During these times of pandemic, we are all taking inspiration from our heroic carers, those who selflessly devote their lives to supporting our wellbeing. Real heroes who are replacing vacuous ‘celebrities’ in the media spotlight.


This phenomenon has synergy with the upcoming 75th Anniversary of V.E. Day. A time to remember another group of people to whom we all owe a debt of gratitude. Putting aside the celebrities of the day and ignoring the inevitable jingoism there are numerous inspirational stories about ordinary people who were the real heroes of their day.


A valuable source of such stories is ‘The Last Heroes: Voices of British and Commonwealth Veterans’ by Gary Bridson-Daley, about to appear in its 2nd Revised Edition, published by History Press. A book of stories about people who were there and are still here.


The last story from the book is of a lady called Joy Hunter who worked at the epi-centre of WW2 power at the Westminster War Rooms, she typed the D-Day battle orders for the Supreme Command and for its highest level planning Generals. On V.E Day she was actually one of those you see in the crowd in front of Buckingham Palace when the King and Queen came out to greet the cheering thousands of people with Winston Churchill whom Joy knew from her work at the War Rooms.


Gary has interviewed over 100 WW2 Veterans and has spoken to them about the present Coronavirus Pandemic and some of the comparisons about the country having to pull together to get through it, essentially adopting their 'Wartime Spirit'.

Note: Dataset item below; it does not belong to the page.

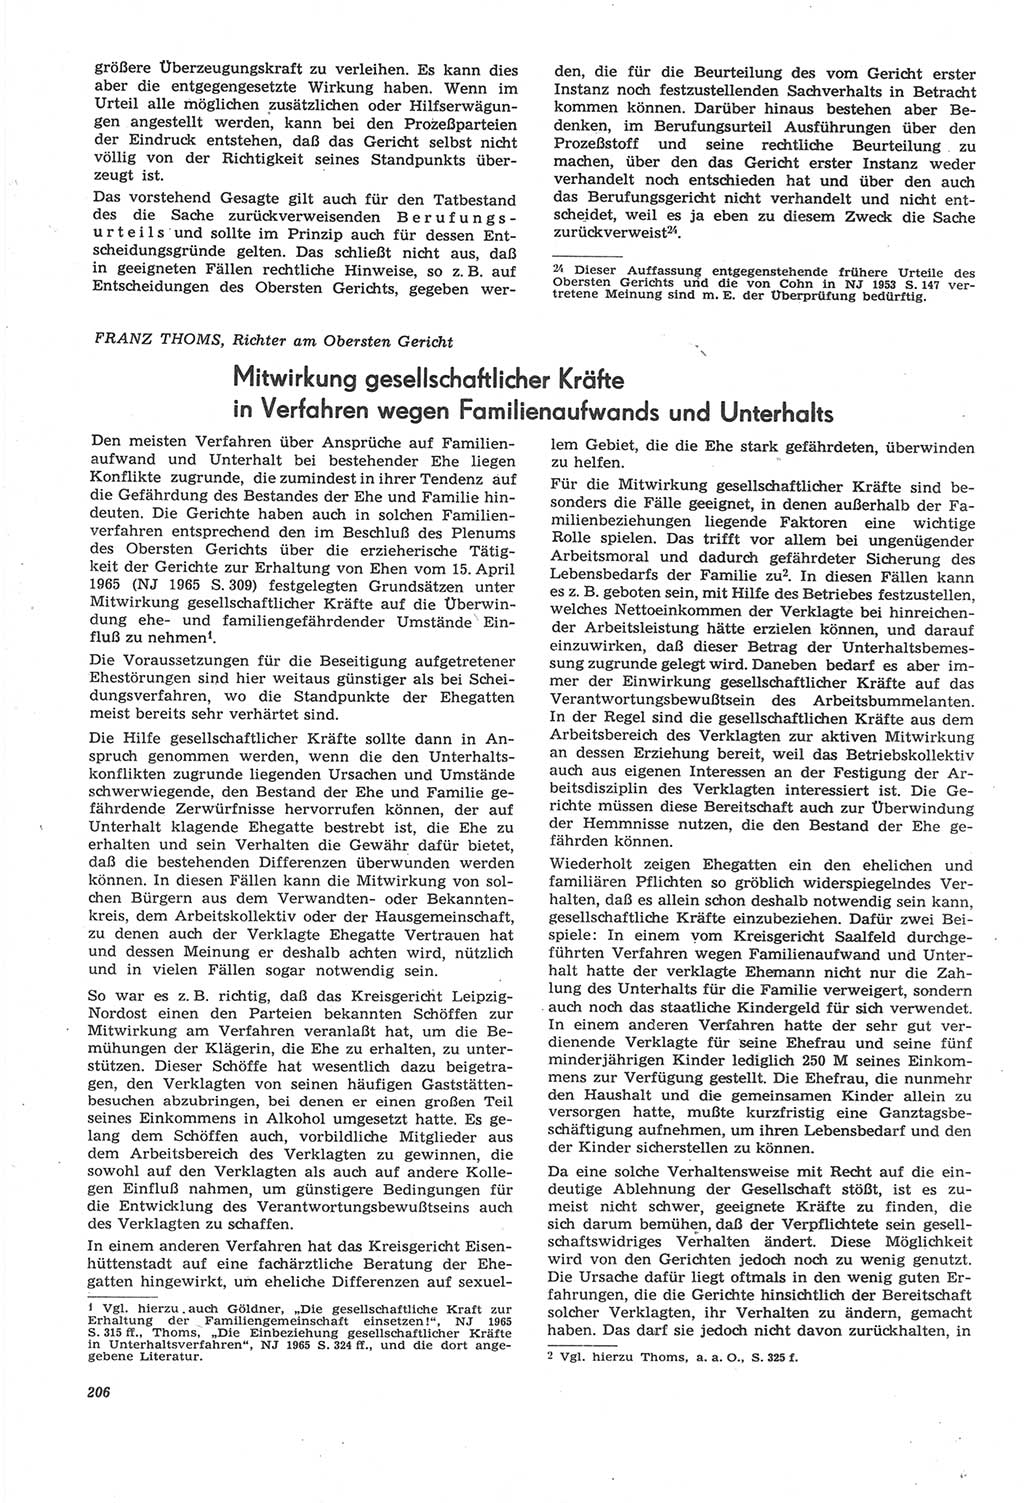 Neue Justiz (NJ), Zeitschrift für Recht und Rechtswissenschaft [Deutsche Demokratische Republik (DDR)], 22. Jahrgang 1968, Seite 206 (NJ DDR 1968, S. 206)

Gary also tells me, ‘I have been working closely with the RNIB - Royal National Institute for the Blind, who as a Non-for-Profit Charity have with mine and my publisher’s permission now recorded an audio book version of The Last Heroes again in time for this 75th and all other big WW2 Anniversaries this year, and as the copyright holder I have given permission for it to be stored and used in their free audio library for the blind that is available to and benefits according to RNIB figures 120,000 Blind and Partially sighted people in the U.K! This is something I am delighted with and am happy to give completely free of charge and especially during a time of lockdown and social isolation it is even more important than ever for those who have the huge additional burden of being blind on top of everything else right now, this is my gift to them, a charitable extension of my work which I hope will help a little during these very difficult times.’


Well done Gary, a highly recommended read/listen!